There were 903 households, of which 29.8% had children under the age of 18 living with them, 35.8% were married couples living together, 15.3% had a female householder with no husband present, 7.2% had a male householder with no wife present, and 41.7% were non-families. 34.4% of all households were made up of individuals, and 12.4% had someone living alone who was 65 years of age or older. The average household size was 2.29 and the average family size was 2.91.

The median age in the city was 40.4 years. 24.4% of residents were under the age of 18; 8.3% were between the ages of 18 and 24; 23.5% were from 25 to 44; 27.6% were from 45 to 64; and 16.3% were 65 years of age or older. The gender makeup of the city was 50.0% male and 50.0% female.

===2000 census===
As of the census of 2000, there were 2,395 people, 1,023 households, and 603 families residing in the village. The population density was 1,235.1 PD/sqmi. There were 1,239 housing units at an average density of 639.0 /sqmi. The racial makeup of the city was 94.70% White, 0.13% African American, 1.59% Native American, 0.25% Asian, 0.25% Pacific Islander, 0.46% from other races, and 2.63% from two or more races.
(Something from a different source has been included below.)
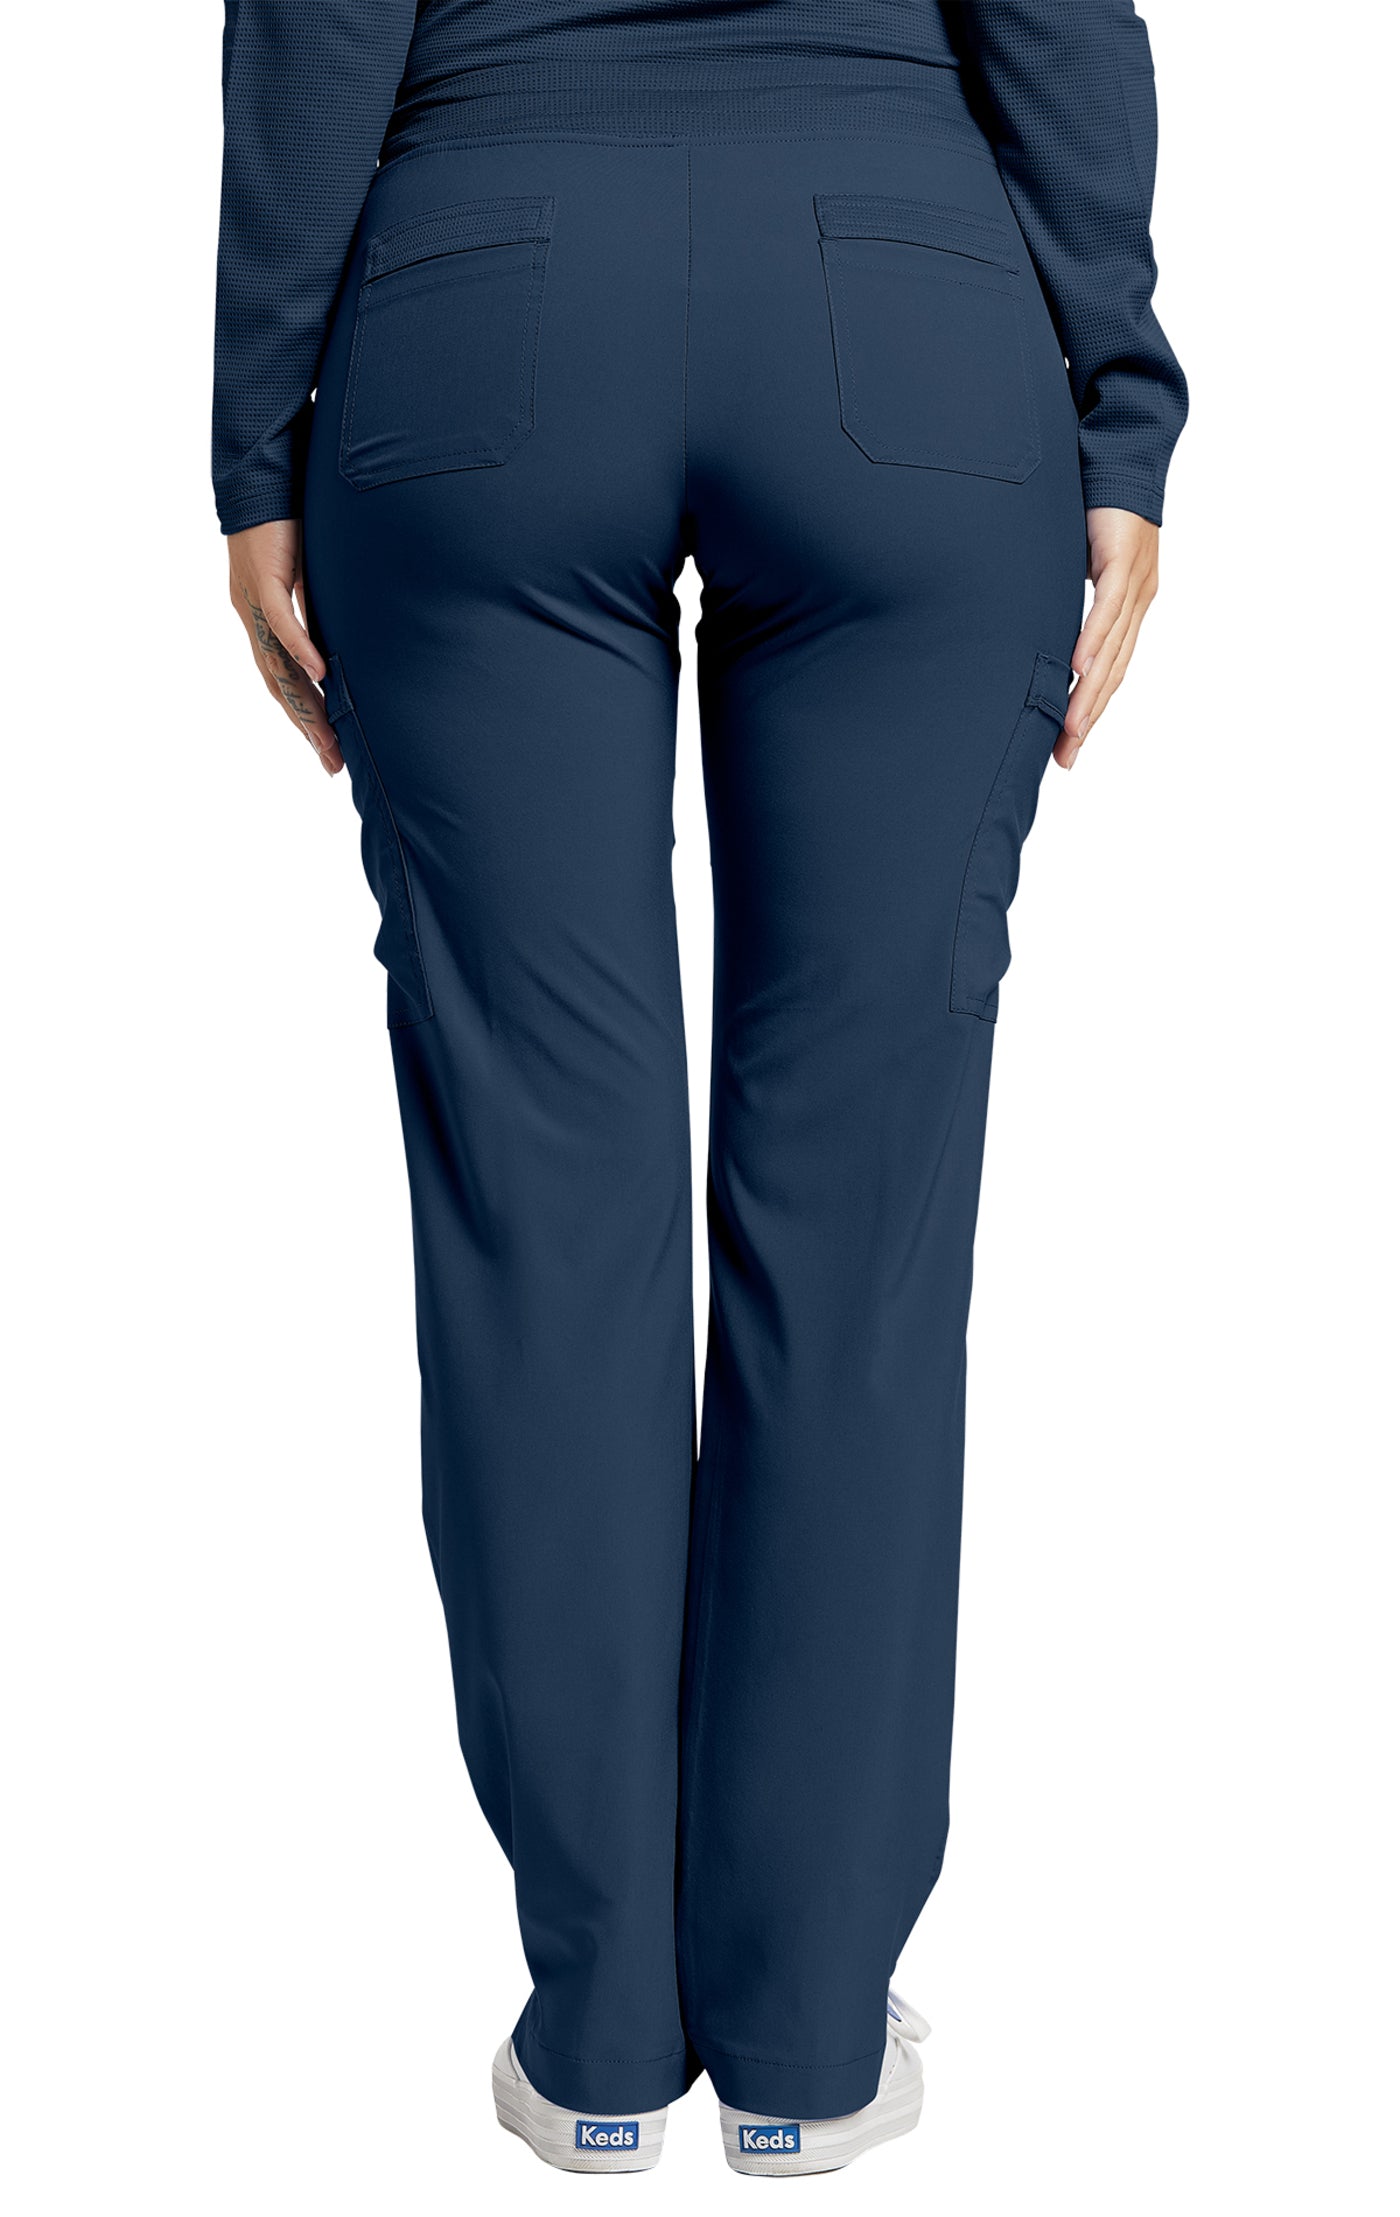 373T White Cross FIT Women's Tall Cargo Pants – Scrubs4U

Hispanic or Latino of any race were 1.75% of the population.

There were 1,023 households, out of which 30.0% had children under the age of 18 living with them, 43.0% were married couples living together, 11.8% had a female householder with no husband present, and 41.0% were non-families. 35.3% of all households were made up of individuals, and 16.7% had someone living alone who was 65 years of age or older. The average household size was 2.27 and the average family size was 2.94.

In the city, the population was spread out, with 26.1% under the age of 18, 8.1% from 18 to 24, 26.1% from 25 to 44, 21.4% from 45 to 64, and 18.4% who were 65 years of age or older. The median age was 37 years. For every 100 females, there were 93.9 males. For every 100 females age 18 and over, there were 89.1 males.

The median income for a household in the village was $25,898, and the median income for a family was $32,260. Males had a median income of $29,214 versus $17,391 for females. The per capita income for the village was $16,274. About 17.3% of families and 21.8% of the population were below the poverty line, including 30.2% of those under age 18 and 7.3% of those age 65 or over.
==Transportation==
Intercity bus service to the city is provided by Jefferson Lines.